I know someone who is addicted to pills, never exercises or pays attention to nutrition, or any other healthy lifestyle habit. This person naturally became emaciated and in terrible shape. Yet I’ve witnessed people falling over themselves to tell them how great they look. So, what does the compliment mean? Drug addiction and a terrible lifestyle will get you praise!

Here’s another story: A woman was at a Thanksgiving buffet helping herself at the table. Another woman (who I know for a fact prizes skinniness as a virtue above kindness and decency) excitedly squeals at her: “oh, you are so nice and thin!” The woman helping herself to dinner was fighting cancer. She could barely eat most days and was trying really hard for thanksgiving.

This is the point. We need to flip the switch on heaping praise on people’s physical stuff (which can change fast) and focus on the real stuff that matters. Has a person worked for the last year or so to make long-lasting changes for overall good health? Do you know how hard that is? That person needs to know their hard work, dedication, and courage are inspiring. They need to be told that their beauty now is as wonderful as it was before, but that the thing to be admired most comes from their depths of their soul.

I’ve known women who have become vapid, obsessive, and quite honestly idiotic as the numbers on their scales have gone down.

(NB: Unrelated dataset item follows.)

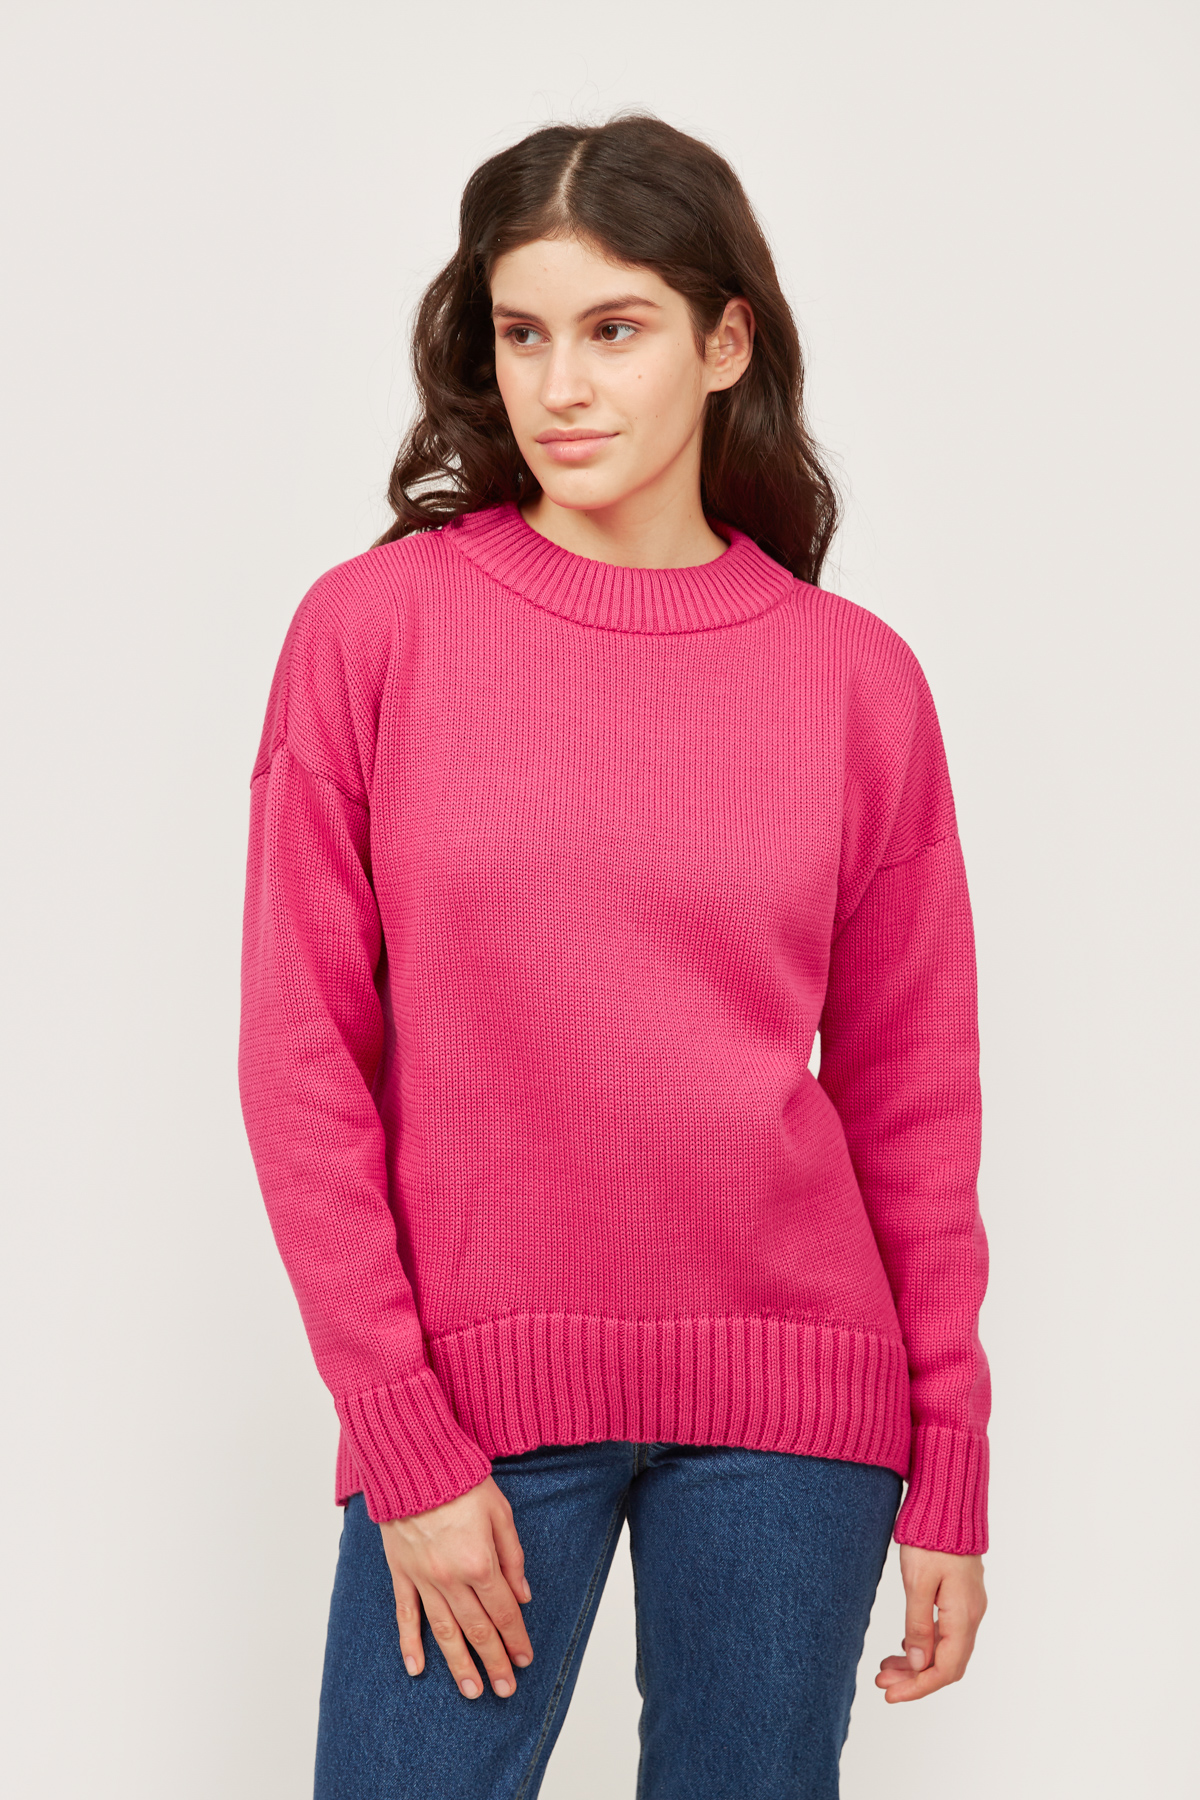 Хлопковый свитер цвета фуксии, фото 2

They have literally morphed from normal human beings to things no one wants to be around. Inside, I knew they were battling demons of still not thinking they were good enough but were still hell bent on gaining their internal peace (which they never got) from showing everyone how amazing they were through their new and small clothes and ridiculous behavior. Praising them for their weight loss and new bodies only fed the angry beast within.

When you see someone who looks fitter, healthier, and yes, smaller, ask them about their program. If and when you find out exactly what they’ve been doing and it’s sane and sensible, applaud their efforts, their power, and their determination. They deserve that. Remind them that they could walk around with a bag on their head for the remainder of their days, but you’d still find them beautiful. Tell them how proud you are of them and that they are inspirational. But don’t stop there—if you notice a person has relapsed a bit (because fitness/weight management is never perfectly linear), keep your encouragement of their effort coming. Keep reminding them of the real beauty they possess, helping them to know that all is not lost if they have setbacks. It’s just part of the journey.

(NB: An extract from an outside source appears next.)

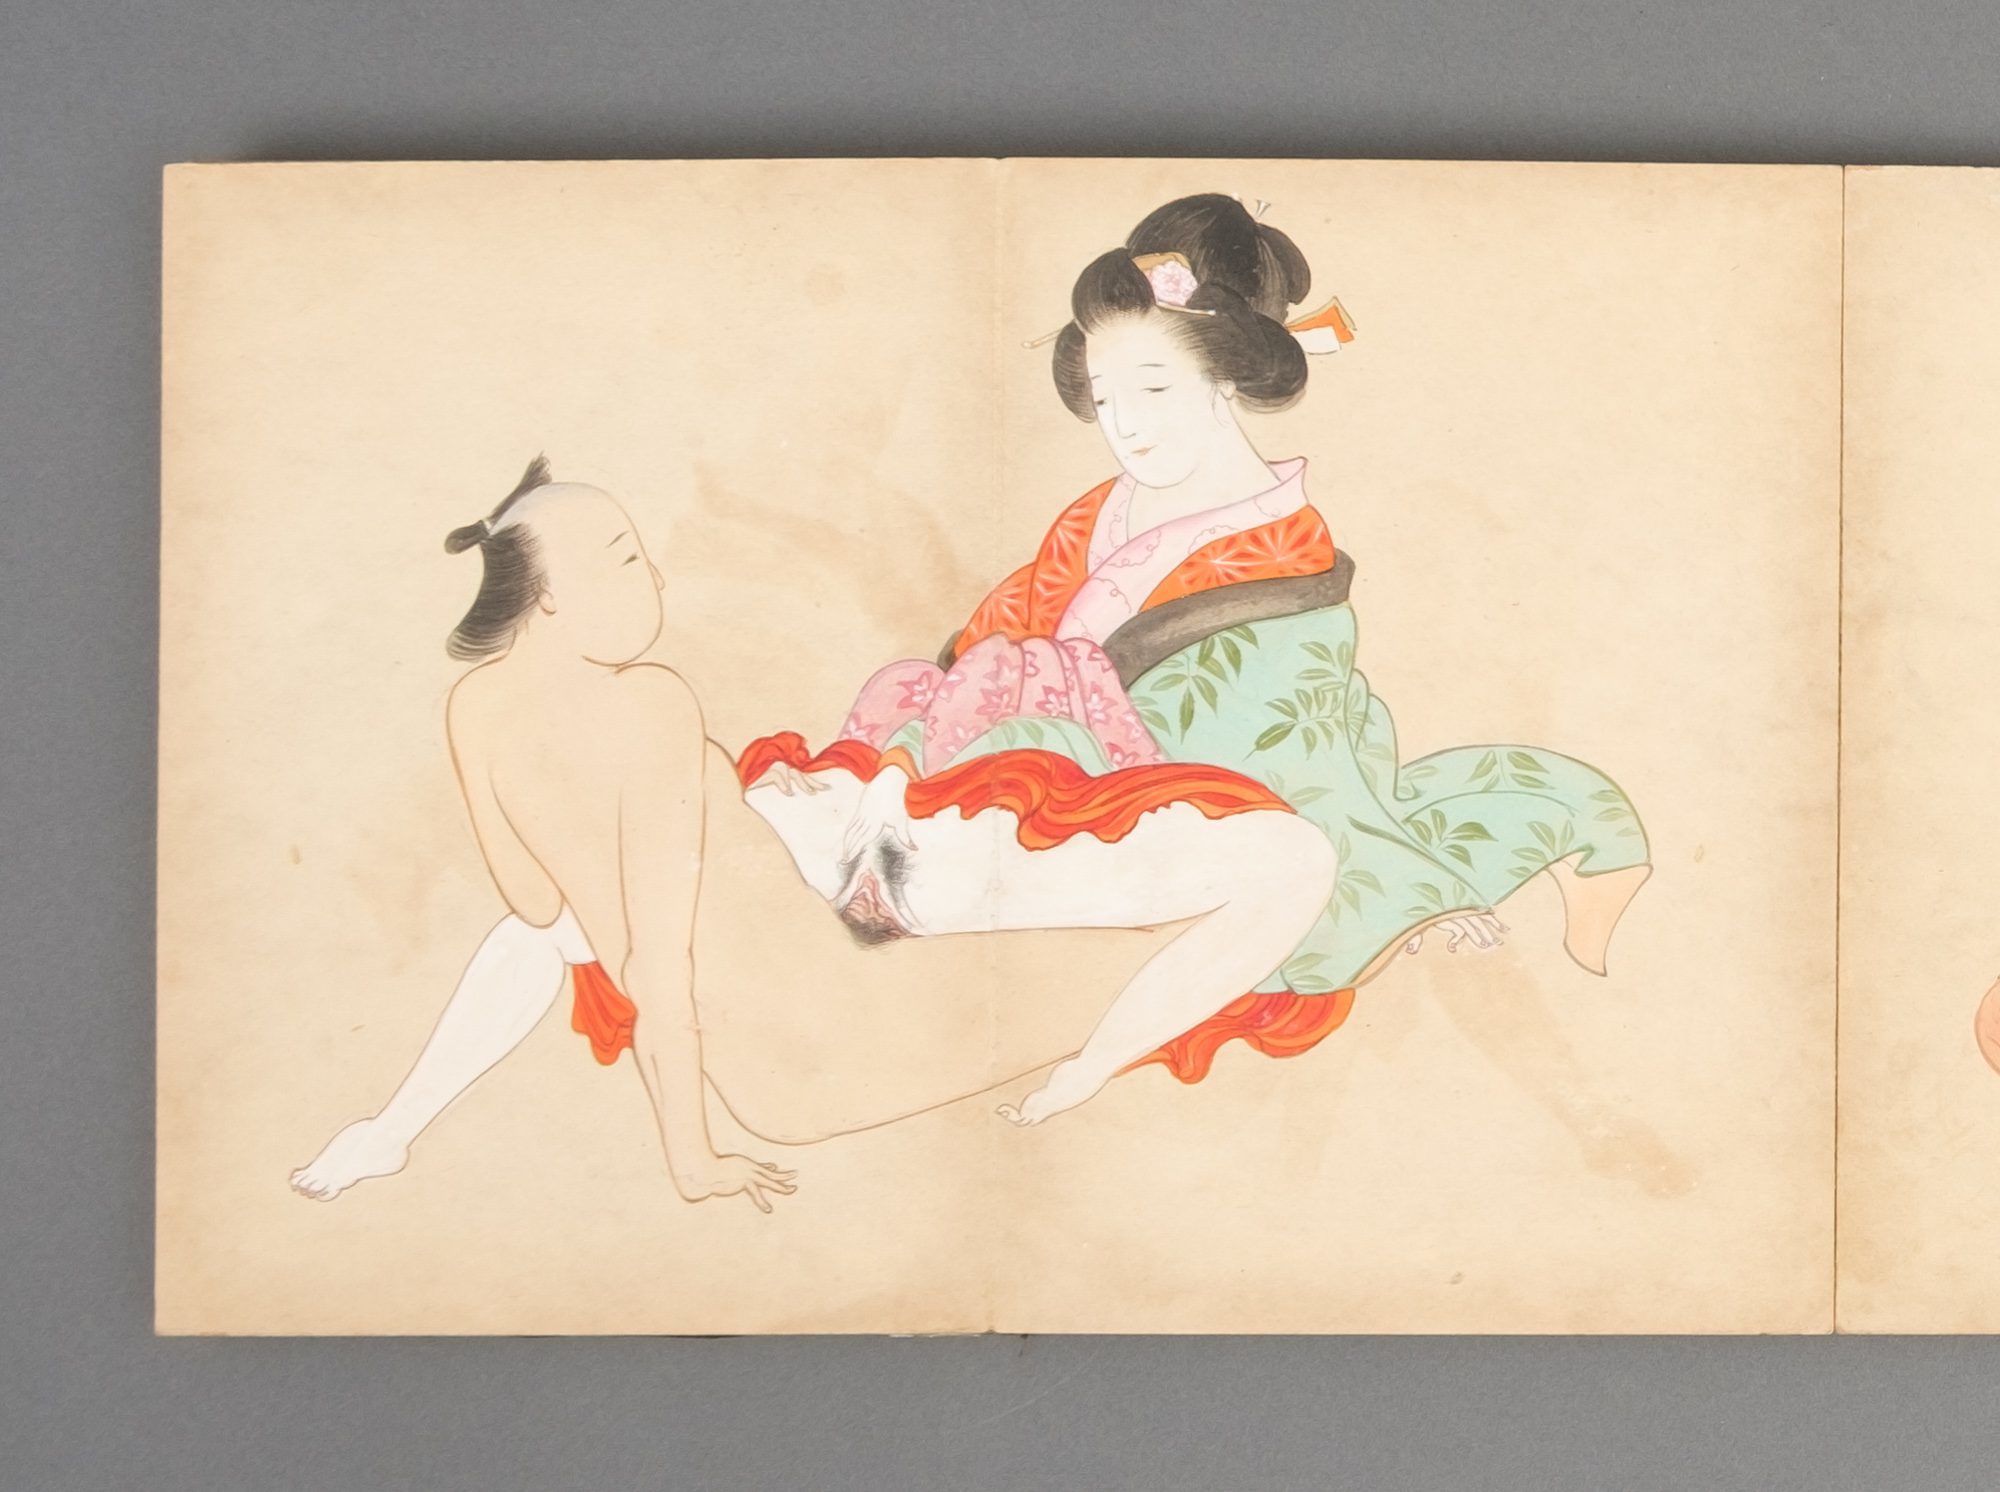 A JAPANESE EROTIC BOOK “SHUNGA”, 1912-1926 (TAISHO PERIOD) - Image 16 of 29

In the end, what compliments really matter? Not the ones that applaud a smaller number inside of a pair of jeans. Not at all.

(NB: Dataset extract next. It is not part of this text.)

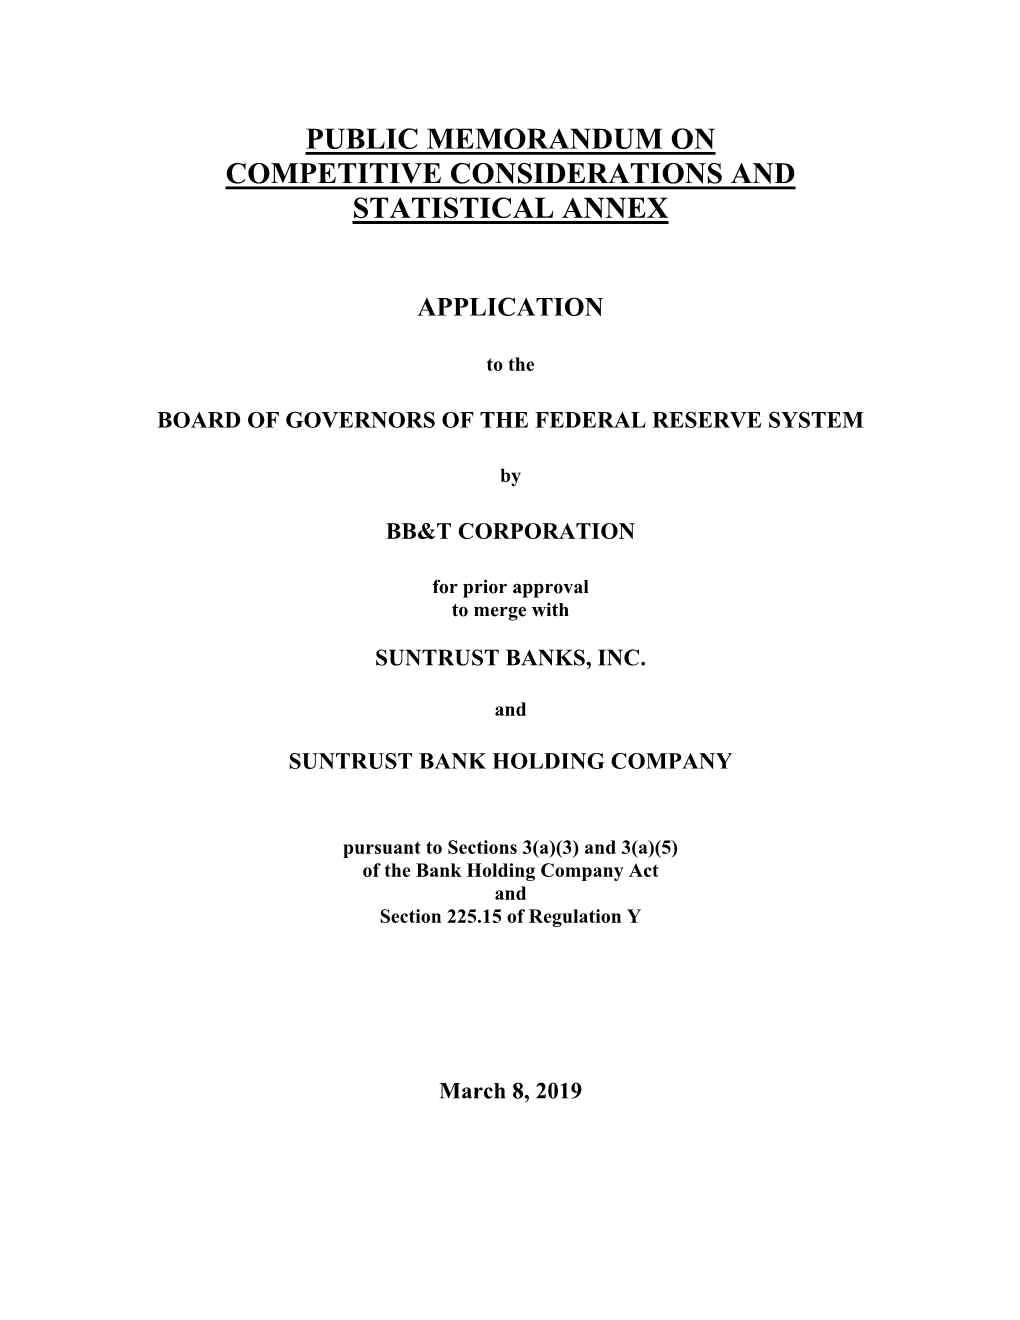 Public Memorandum on Competitive Considerations and Statistical Annex

2 thoughts on “What Are You Complimenting Exactly?

  1. Bowler A says:

    Well said. I will add that beauty comes from the love and confidence you have for yourself. I am the most overweight I have been in my life and (before staying home all the time because of covid) I was relished for my beauty. I so wished others could see how beautiful they are, especially my loved ones. Yes, be kind to others, but also be kind to yourself because your love, kindness, and confidence makes you radiant.